• **Work order**: The following data is to be repeated exactly, its pictures excluded.

• **Data excerpt**:

------------------------------

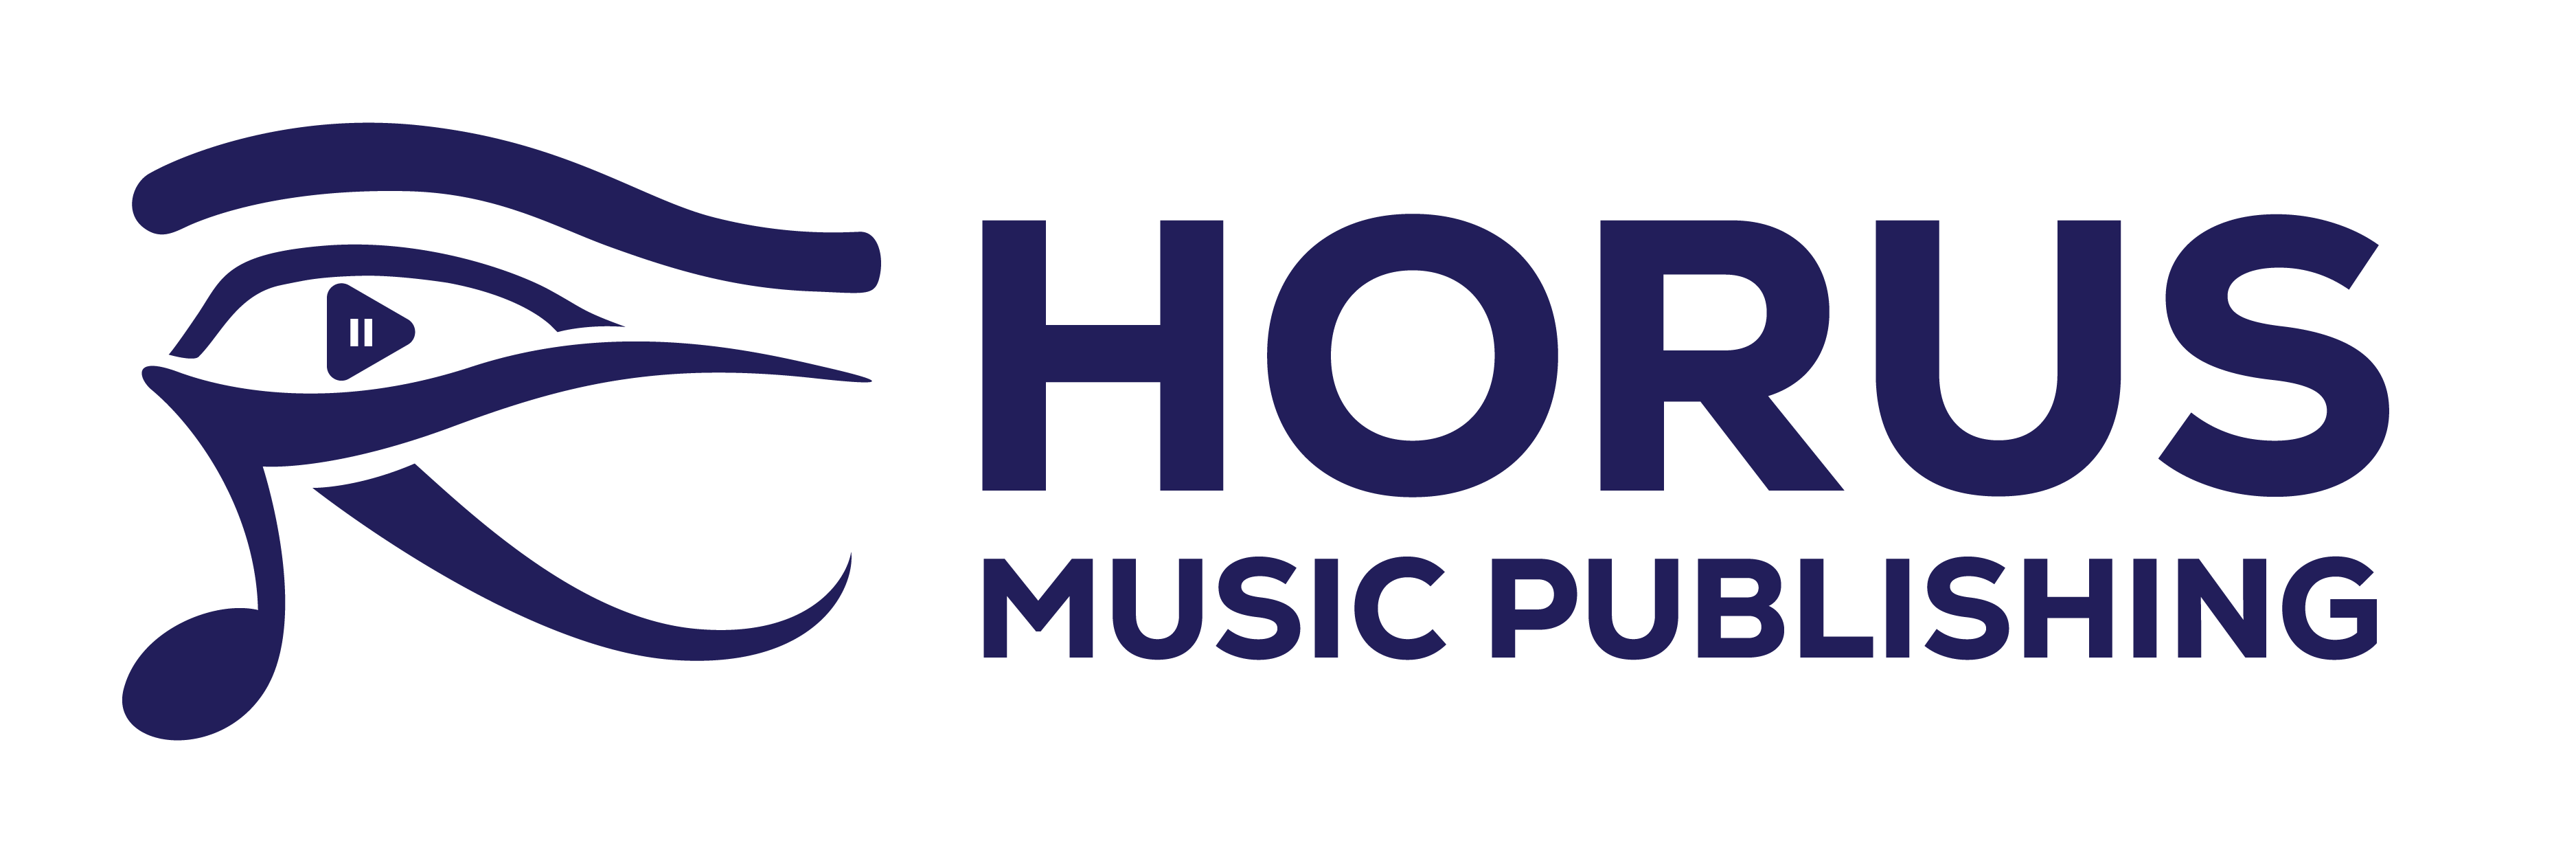 Horus Music Publishing Logo_B_Blue logo on white background
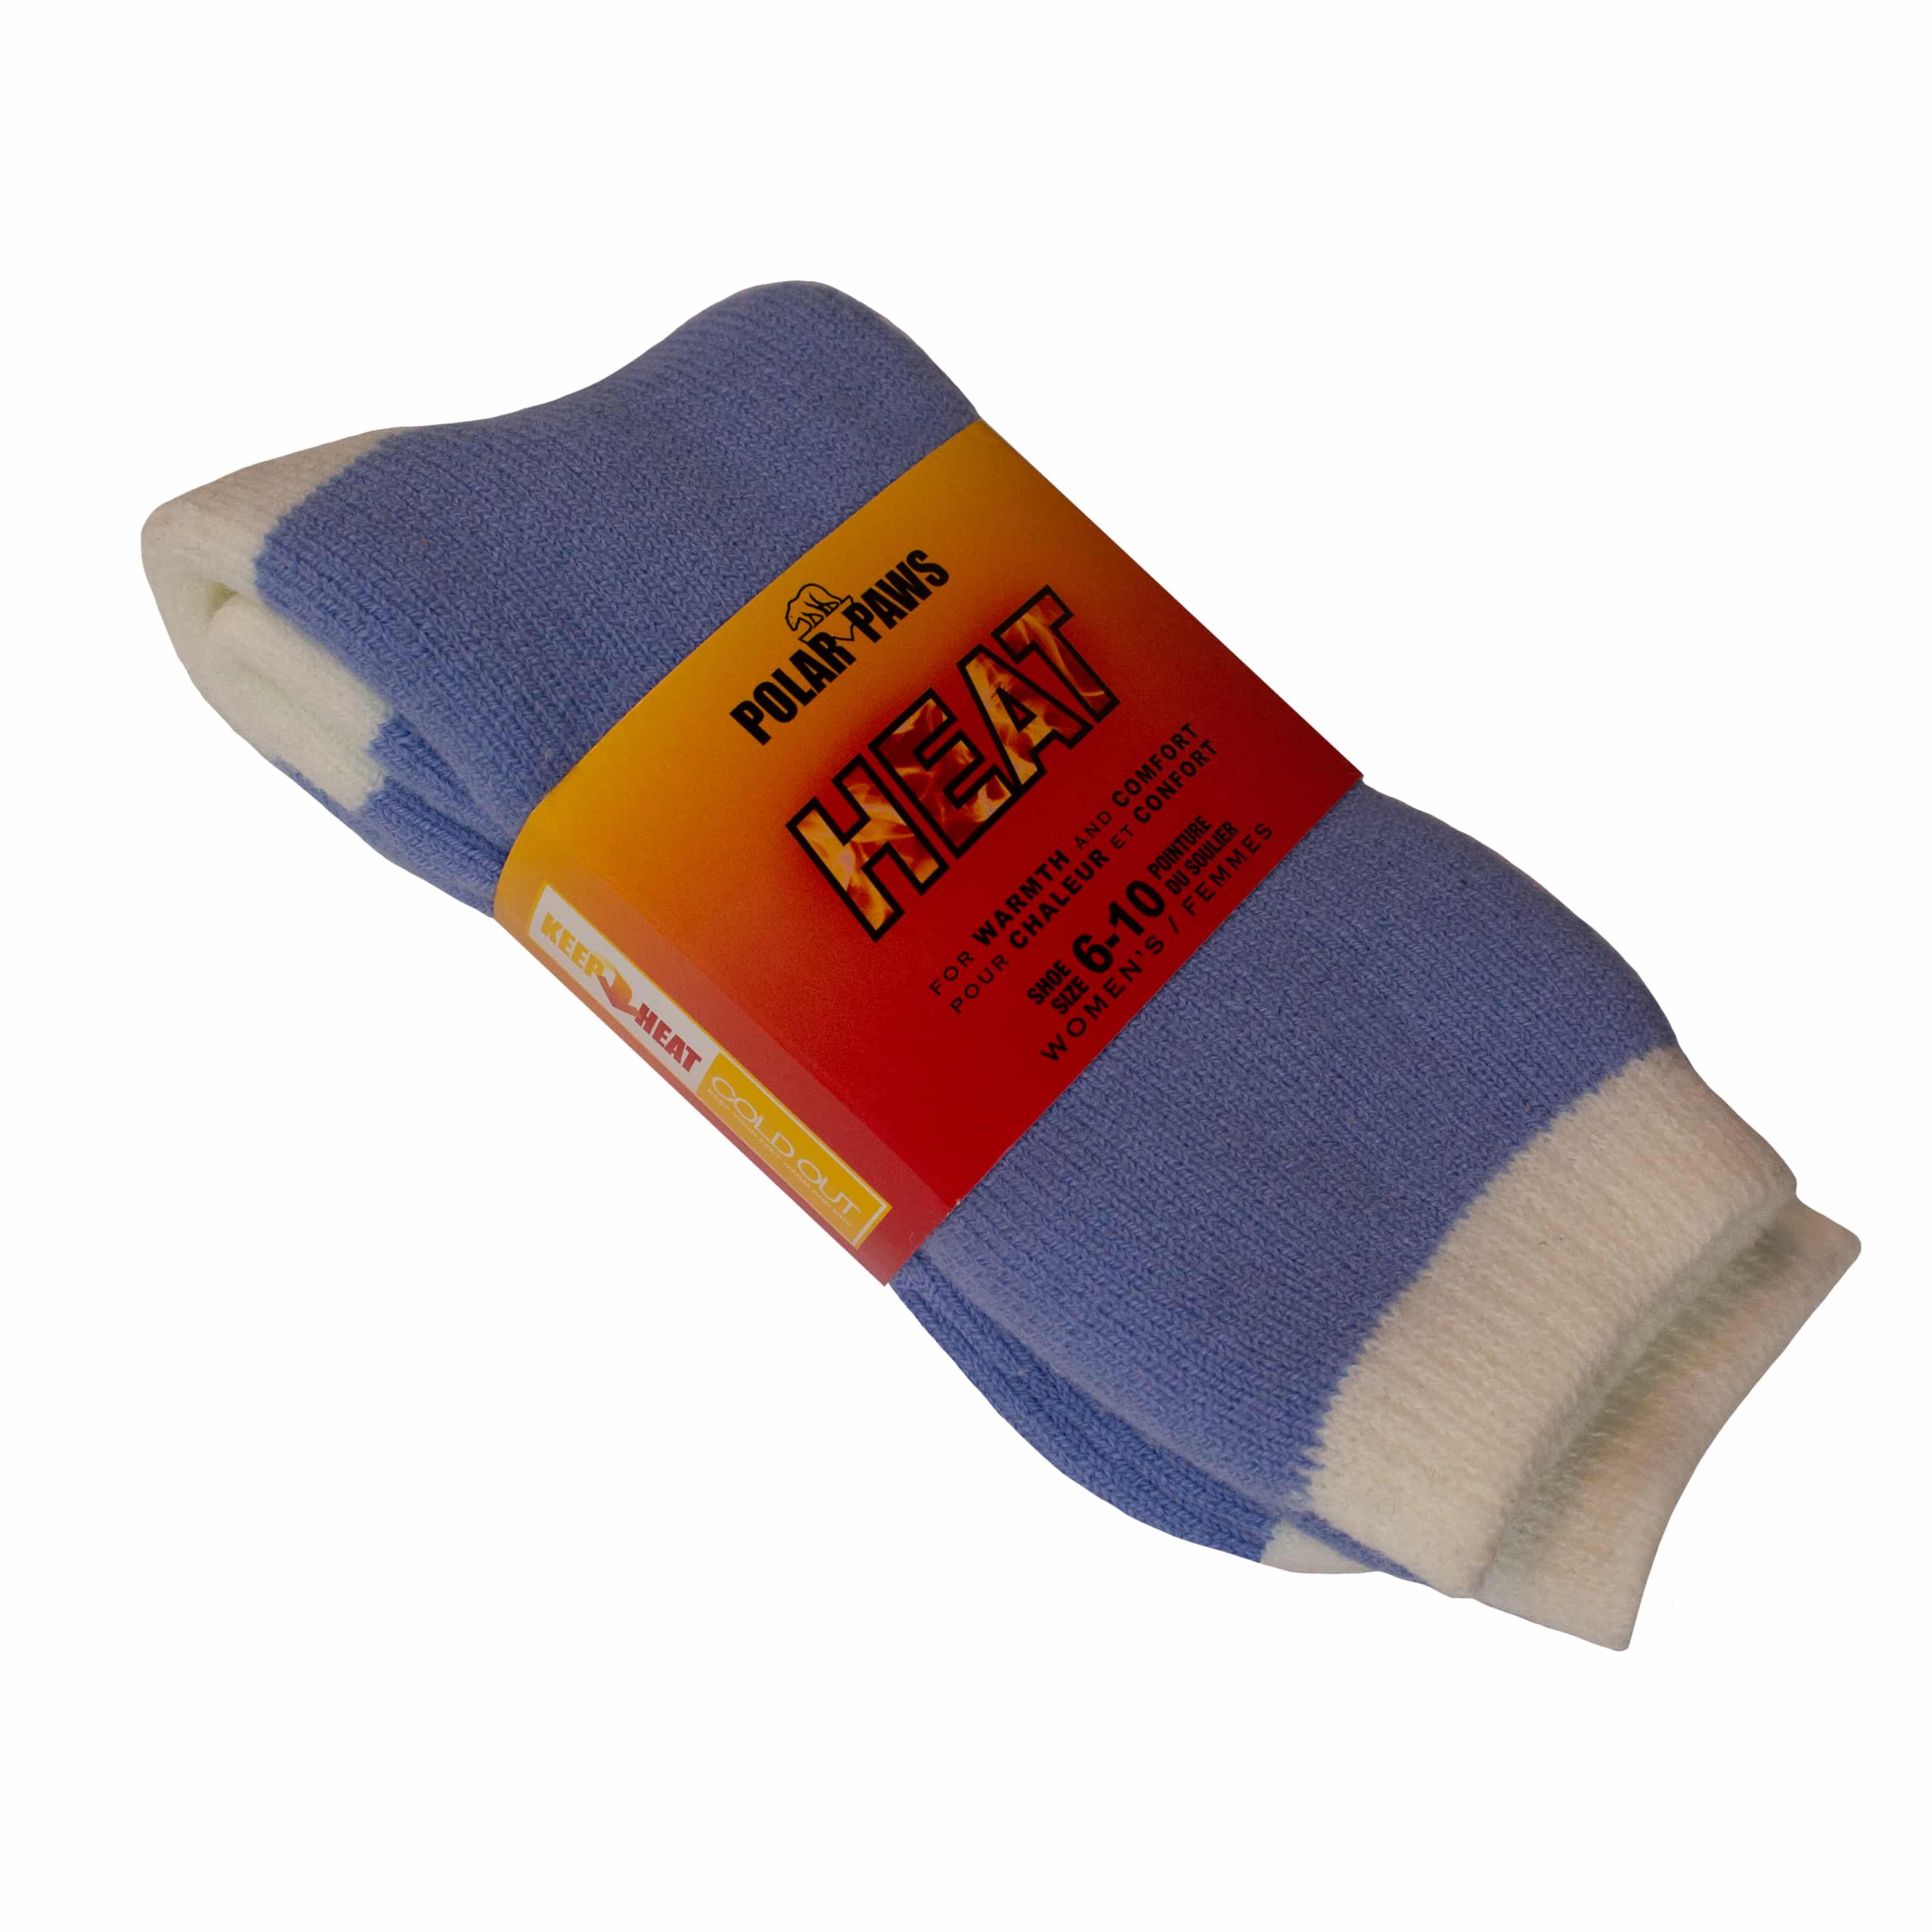 Thermal Socks For Women: Thermal Socks: Our Top Picks For Women
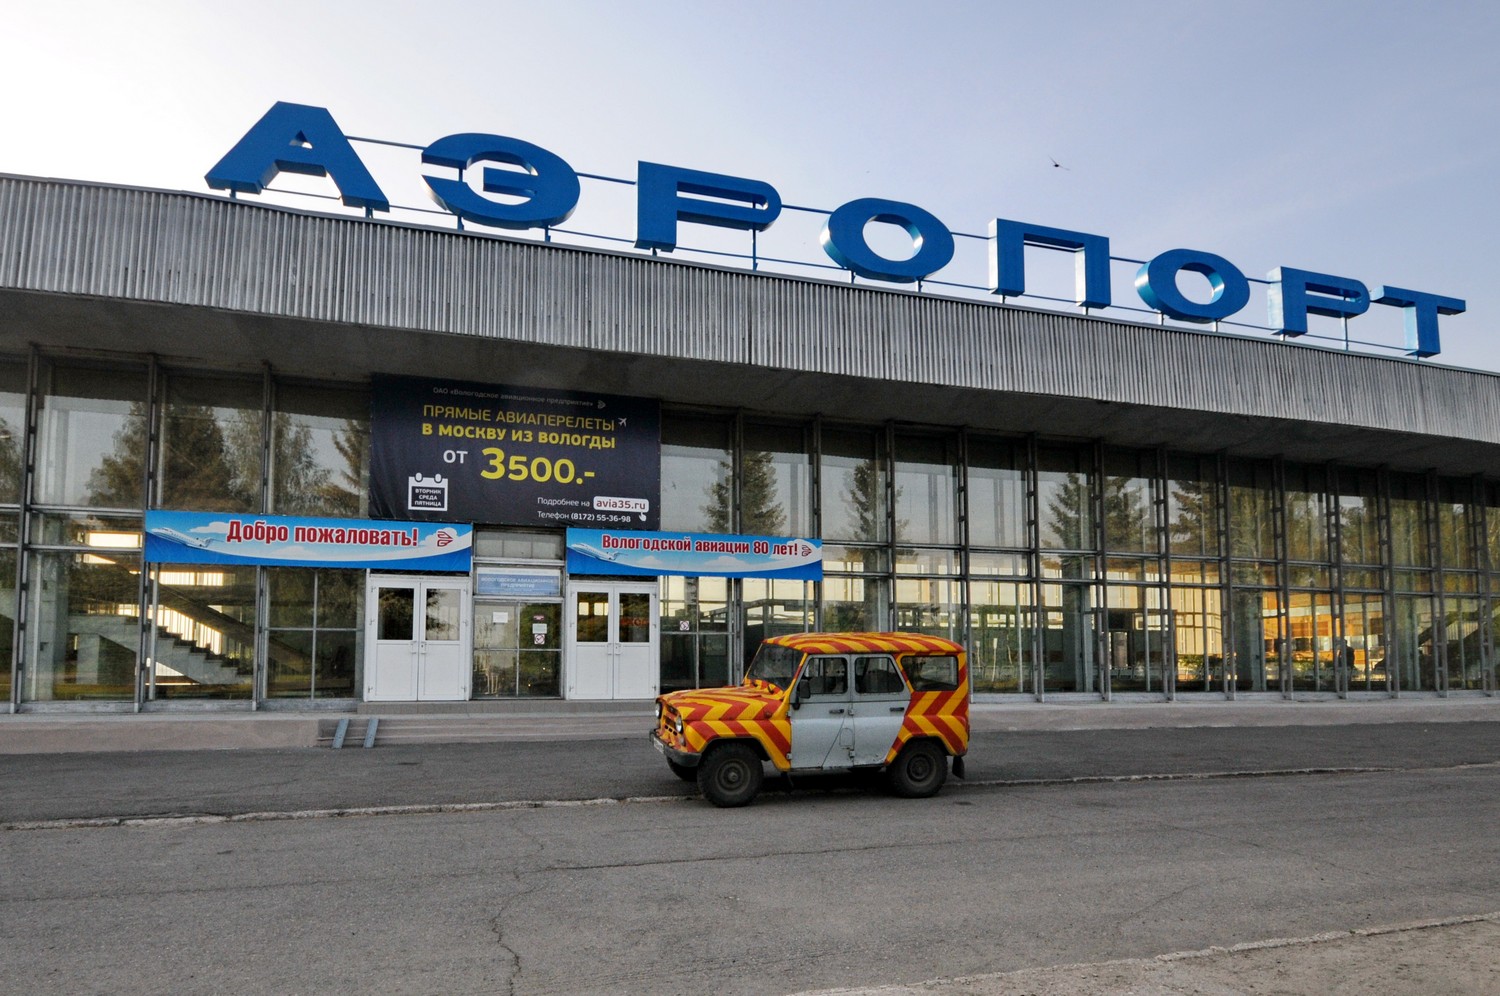 Feel youserlf VIP на Як-40 Вологодского авиапредприятия

------------------------------

• **Reply to the task**:
 Horus Music Publishing Logo_B_Blue logo on white background
 Thermal Socks For Women: Thermal Socks: Our Top Picks For Women
 Feel youserlf VIP на Як-40 Вологодского авиапредприятия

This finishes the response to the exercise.